A Kobanê un centre de santé a été ouvert grâce à la solidarité internationale
 
Du 13 septembre 2014 au 26 janvier 2015, notre cœur a battu au rythme de la bataille de Kobanê, qui opposait les fascistes de Daesh à la résistance kurde et à ses allié-e-s de toutes les communautés de Syrie. Il ne s'agit pas d'exotisme révolutionnaire: cette bataille exemplaire, menée à 40% par des combattant-e-s nous donnait du courage dans nos résistances minuscules au quotidien contre toutes les oppressions capitalistes, impérialistes et patriarcales.
 
La destruction de la révolution démocratique, écologique et féministe du Rojava serait un recul stratégique qui ferait perdre des dizaines d'années  au mouvement de libération des peuples du monde, au mouvement de libération des femmes, au mouvement ouvrier et communiste international .
 
La mort d'Ivana Hoffmann, jeune communiste afro-allemande tuée le 7 mars en protégeant un village près de Kobanê contre les milices de Daesh a ému les communistes du monde entier.
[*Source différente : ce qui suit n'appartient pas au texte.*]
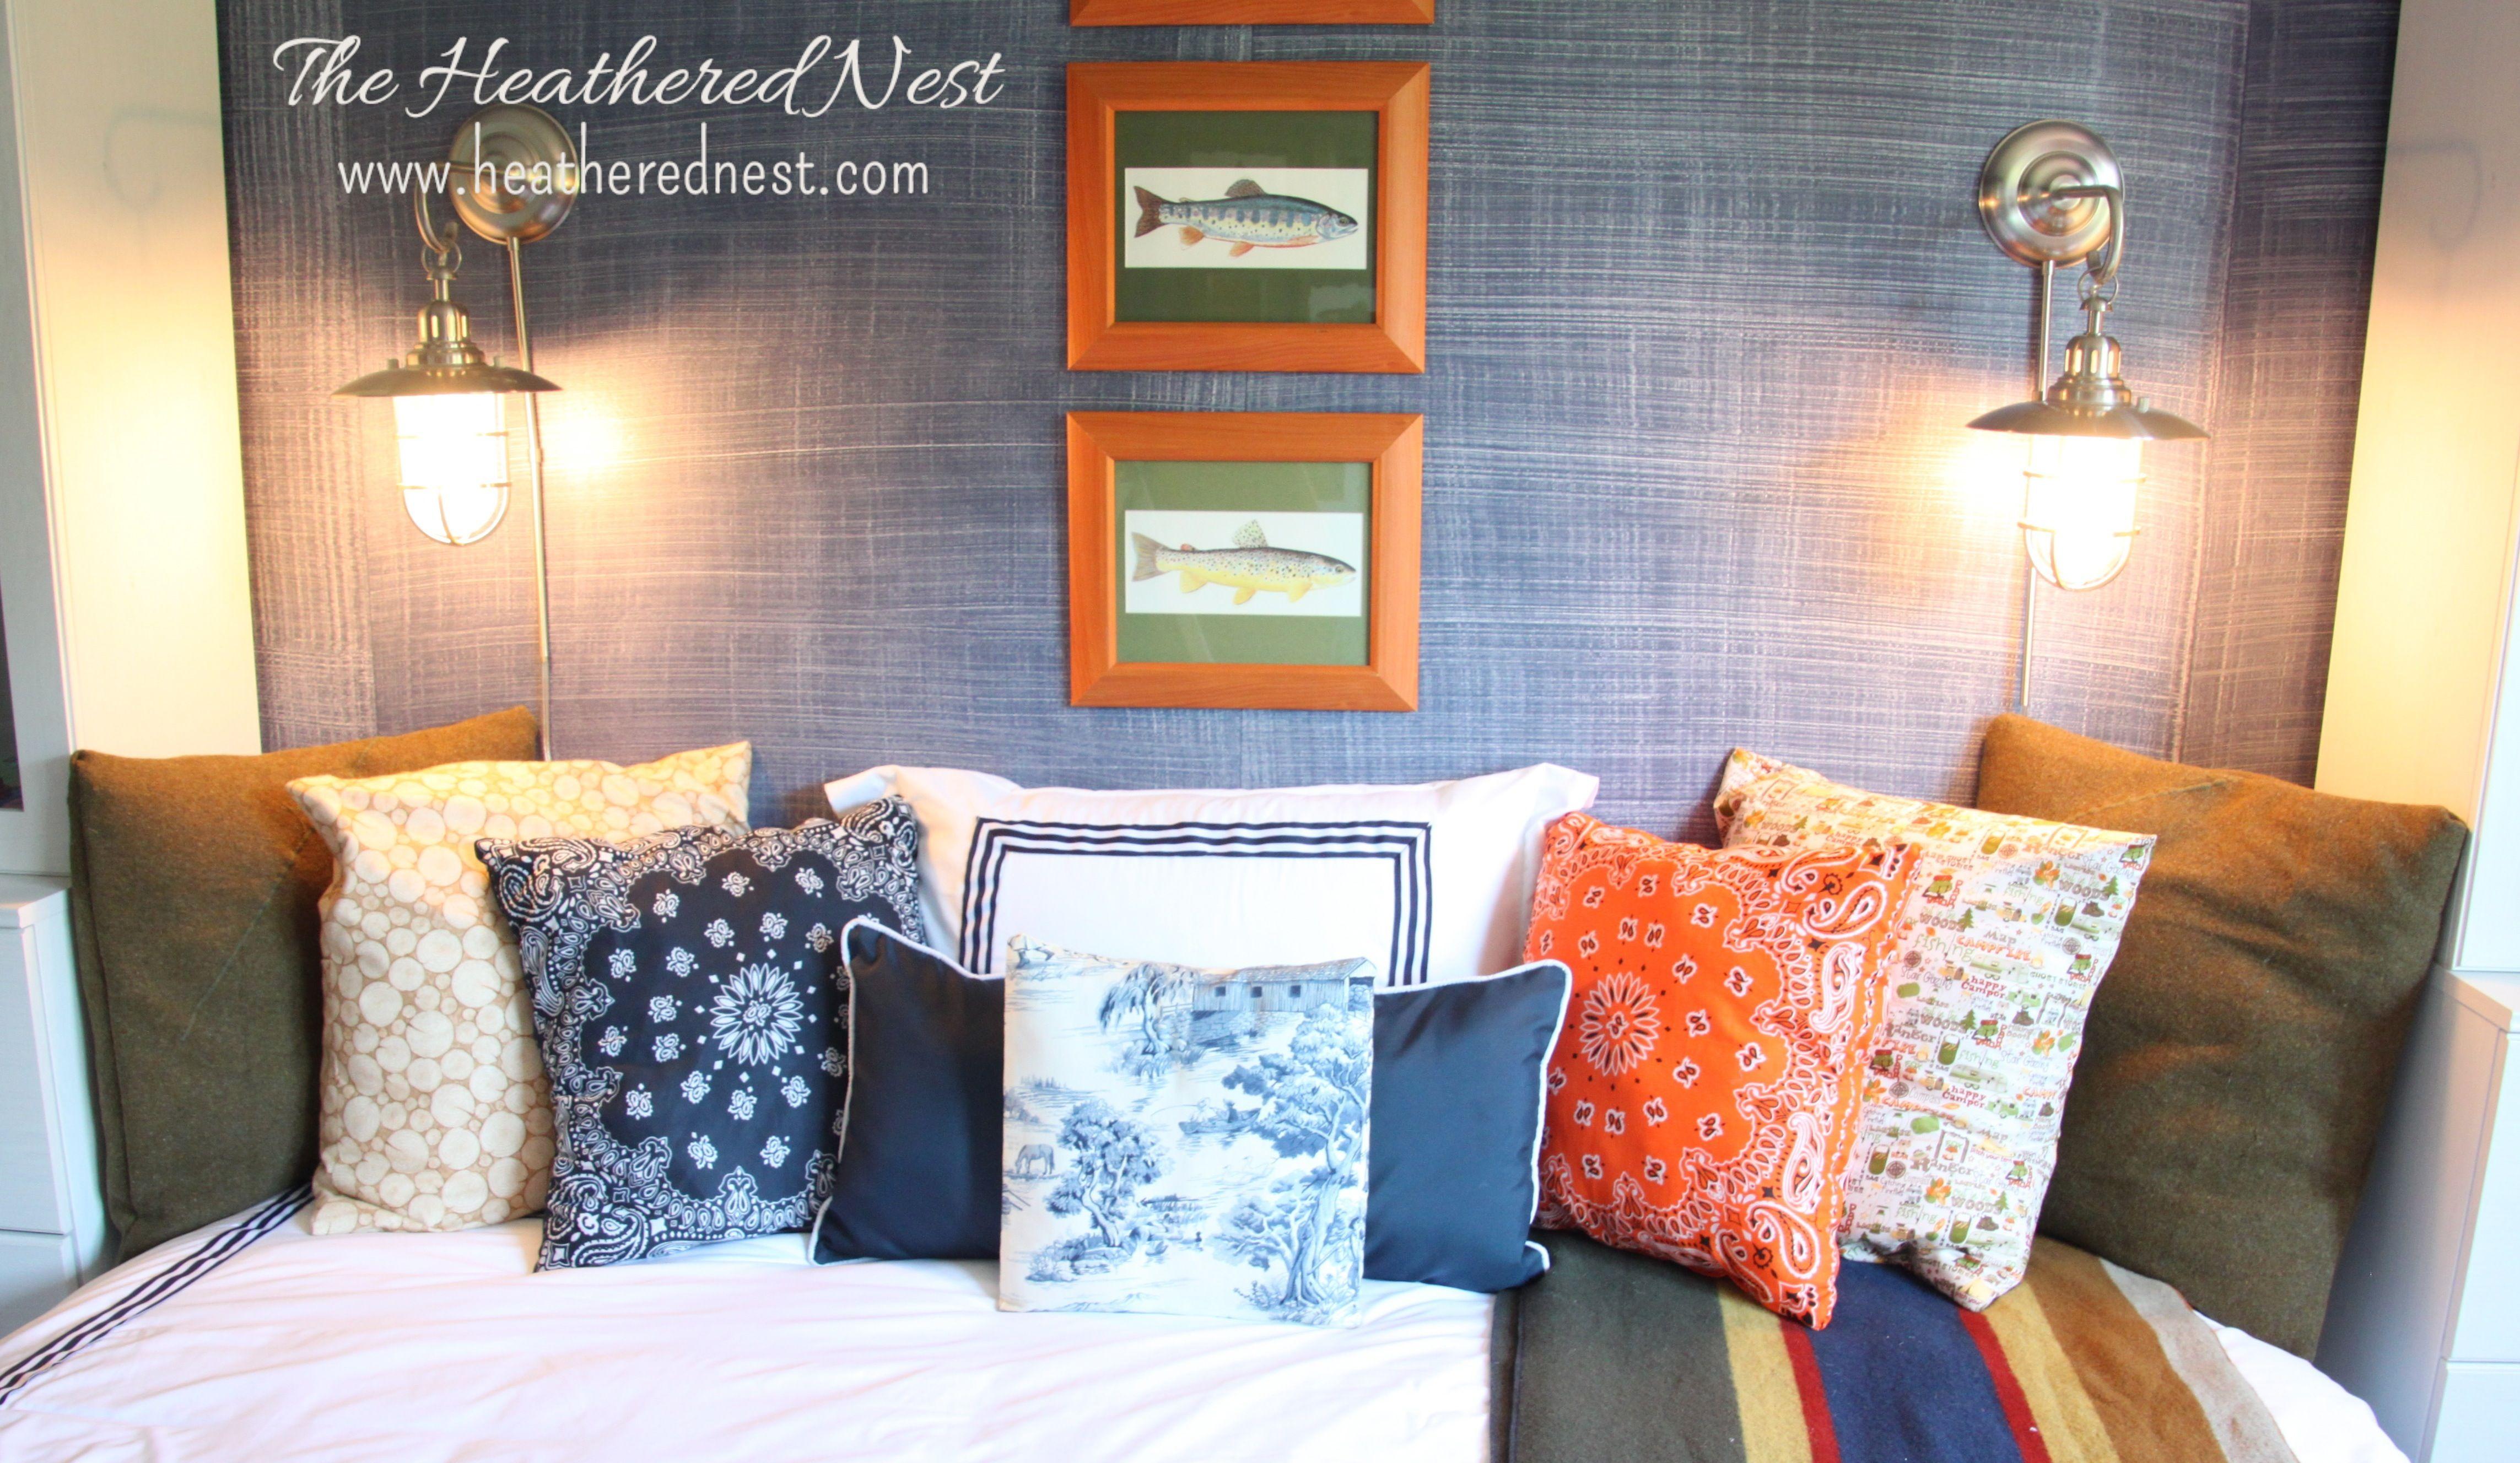 Weure going bandanas diy bandana pillows liven up your living room

Le massacre à Suruç, le 20 juillet de 33 militant-e-s communistes et progressistes de Turquie qui partaient reconstruire Kobanê, ressemblait à un avertissement du régime turc "Tenez-vous en dehors de cette histoire qui ne vous concerne pas, sinon, gare à vous...". C'était un devoir de transgresser tous les avertissement du régime turc, et de venger nos martyres en continuant la reconstruction de Kobanê et en réalisant leur rêve.
 
La  lutte à Rojava casse l'eurocentrisme et détruit l'orientalisme. Dans le contexte guerrier et islamophobe, nous voulons construire la solidarité internationale prolétarienne.
 
Aujourd'hui, en apprenant l'ouverture du centre de santé de Kobanê, nous ressentons de la fierté...Ce projet a été impulsé par la Coordination Internationale d'Organisations Révolutionnaires (ICOR), en collaboration étroite avec nos camarades kurdes. Il  a mobilisé 170 personnes de différents pays: communistes, anarchistes, antifascistes, syndicalistes et autres progressistes. Notre organisation est petite et victime de toutes sortes de violences et de harcèlement pour nous réduire au silence et pourtant nous tenons bon. Nous essayons d'employer nos énergies réduites là où c'est le plus urgent et le plus nécessaire et c'est pourquoi un de nos camarades a participé à ce projet international, mené victorieusement à son terme malgré l'embargo de l'Etat kurde contre Kobanê. Pour saluer cet événement, nous reproduisons ce communiqué, traduit par les camarades du site Nouvelle Turquie:
 
"L’hôpital, construit grâce au travail de 170 membres de l’ICOR venus de pays différents, a été ouvert aujourd’hui. Le peuple de Kobanê a salué cette ouverture comme étant « le meilleur exemple de la reconstruction de Kobanê ».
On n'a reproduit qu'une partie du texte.